*WORK TASK*
Please reproduce the listing in its entirety, exactly as written, but without images.

*COLLECTED MATERIAL*
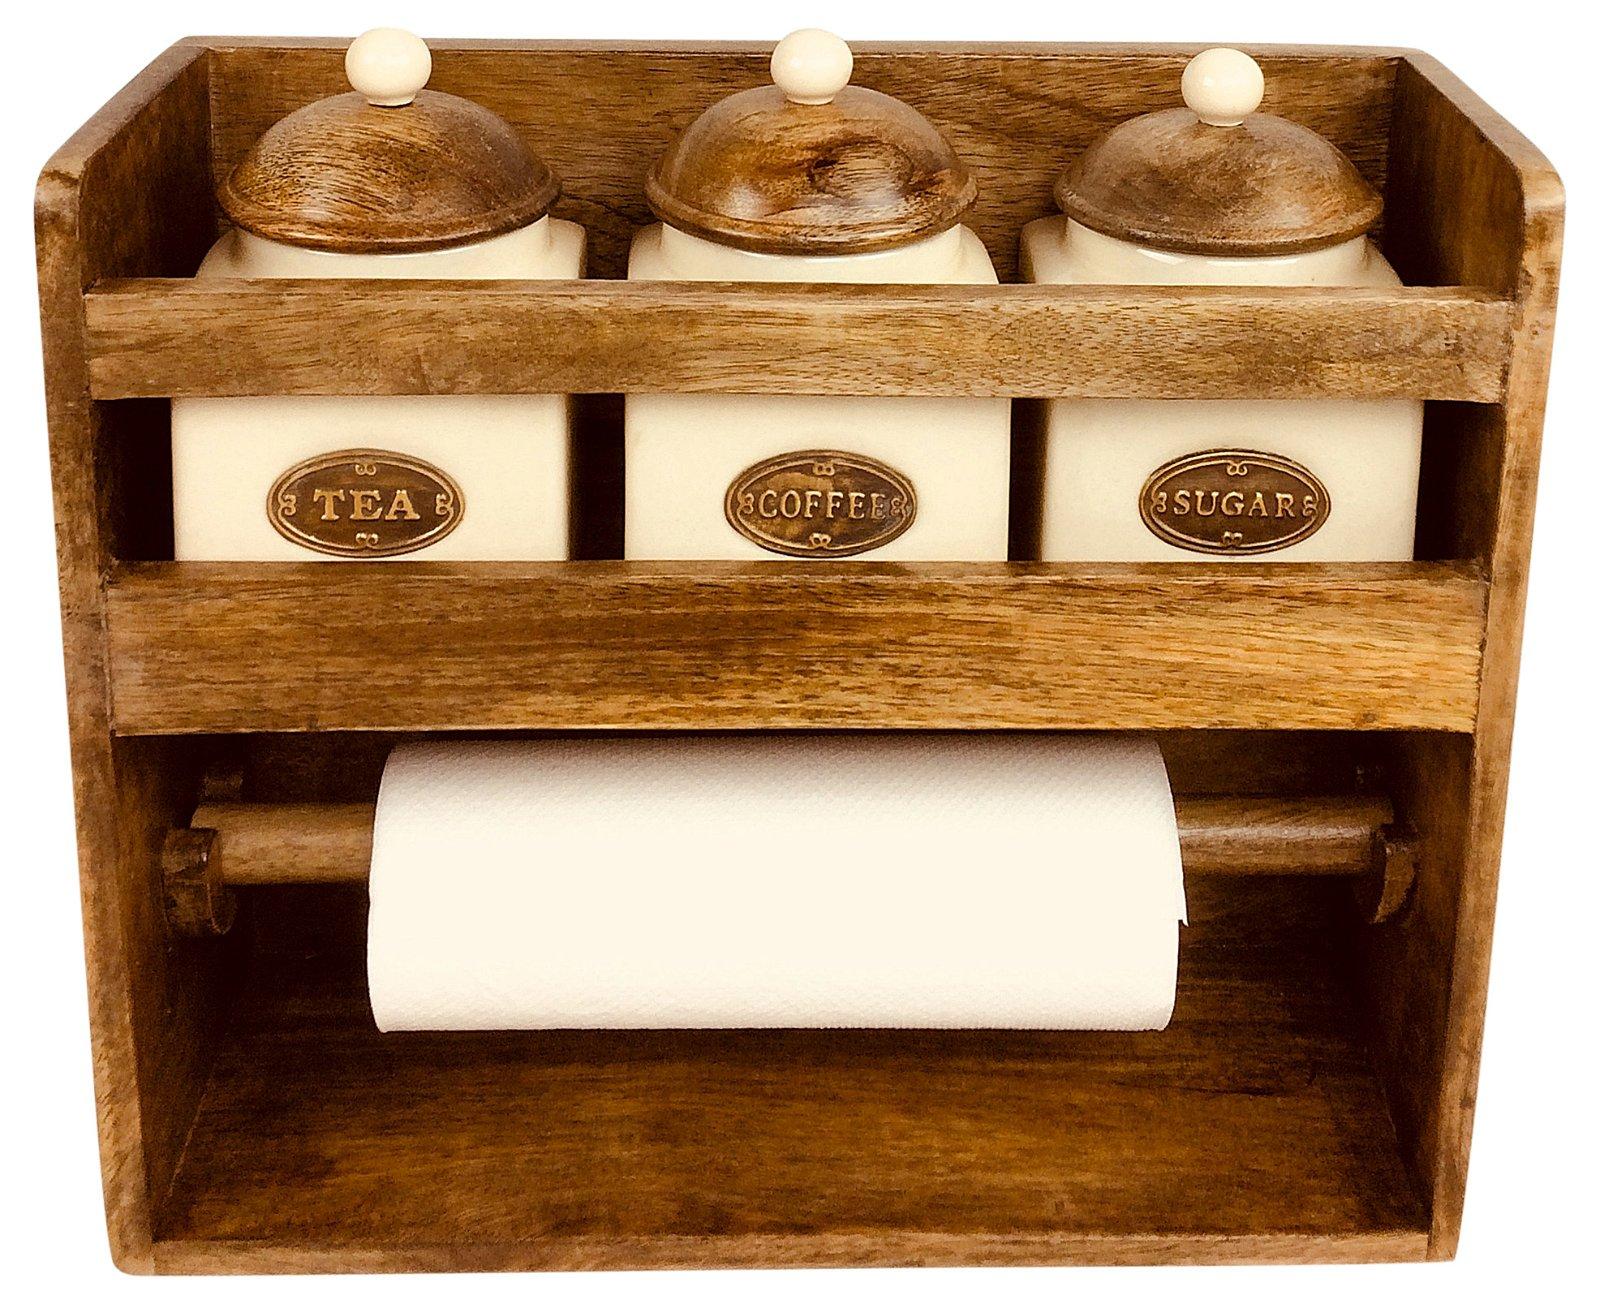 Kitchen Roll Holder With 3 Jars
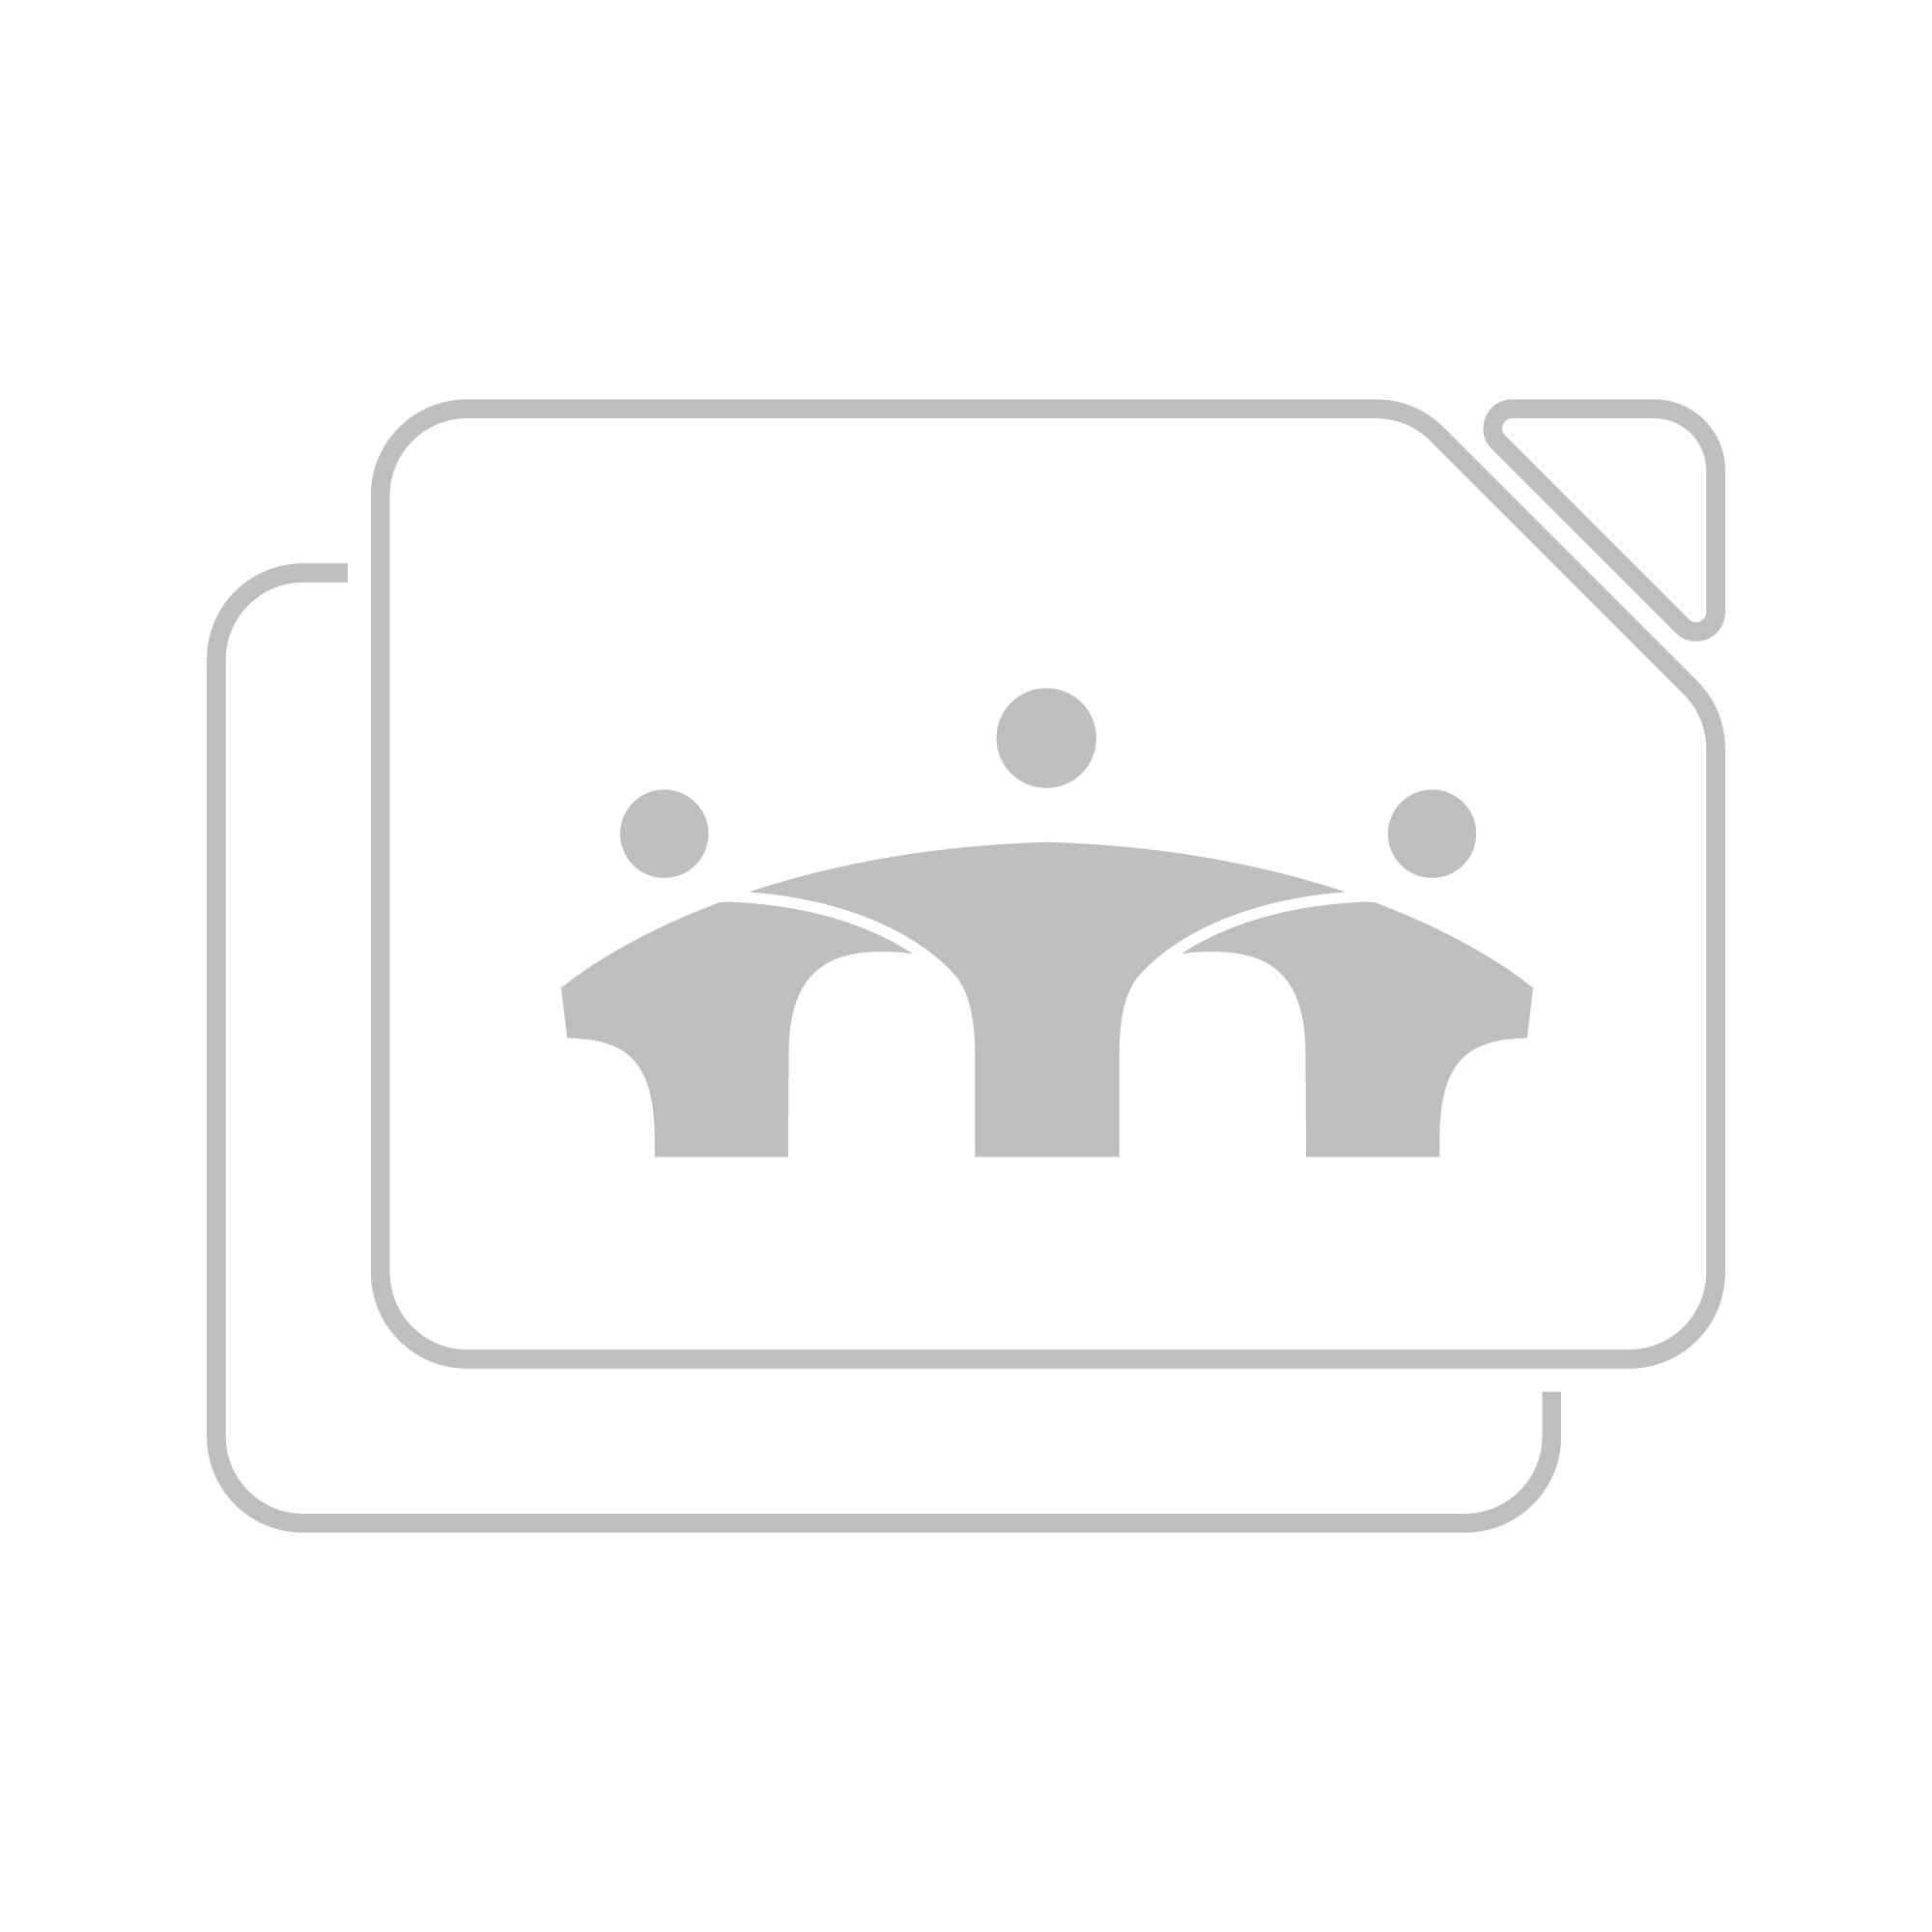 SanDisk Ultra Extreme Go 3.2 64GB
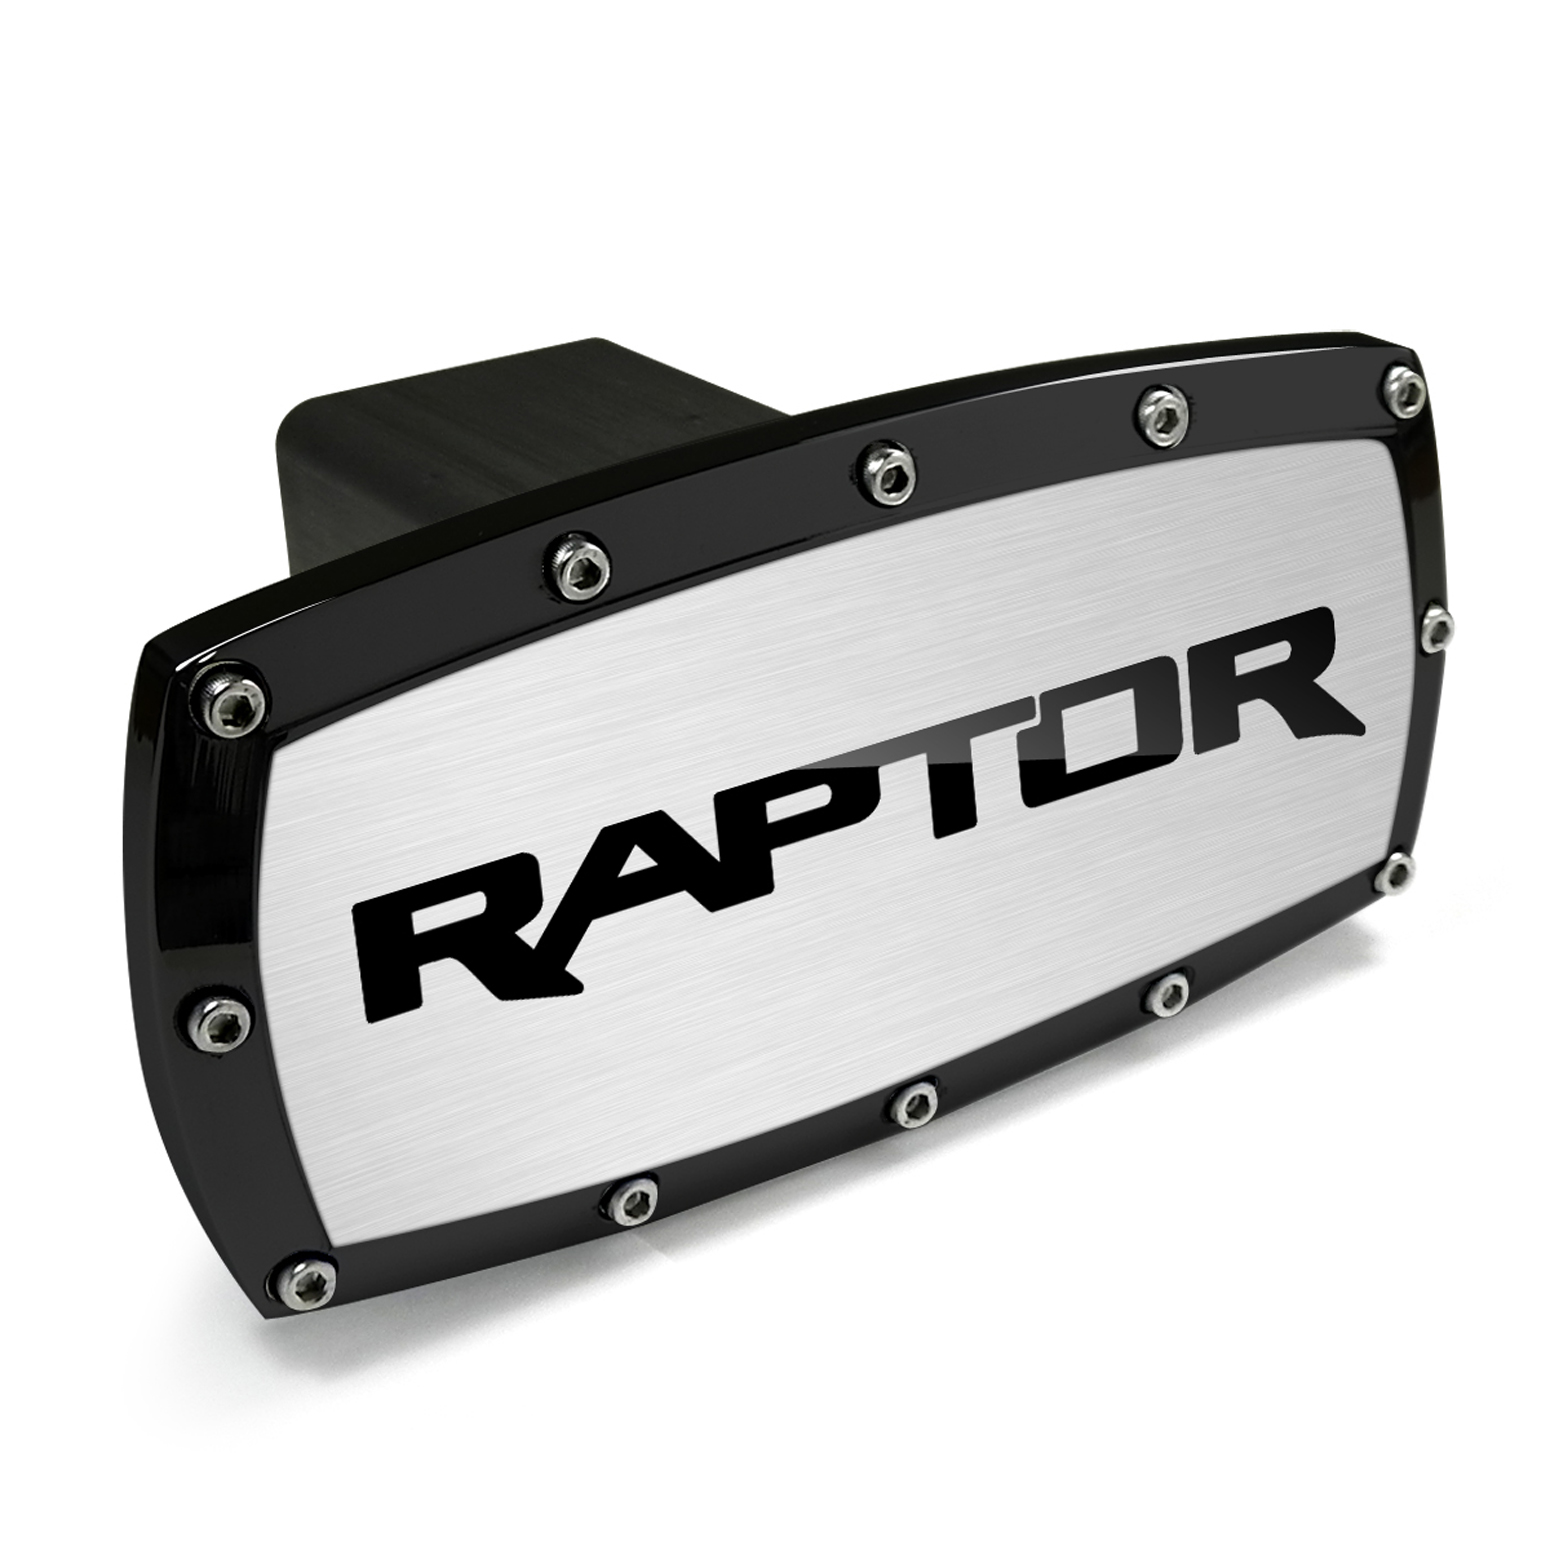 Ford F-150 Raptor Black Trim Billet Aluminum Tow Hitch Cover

*FINISHED TASK*
 Kitchen Roll Holder With 3 Jars
 SanDisk Ultra Extreme Go 3.2 64GB
 Ford F-150 Raptor Black Trim Billet Aluminum Tow Hitch Cover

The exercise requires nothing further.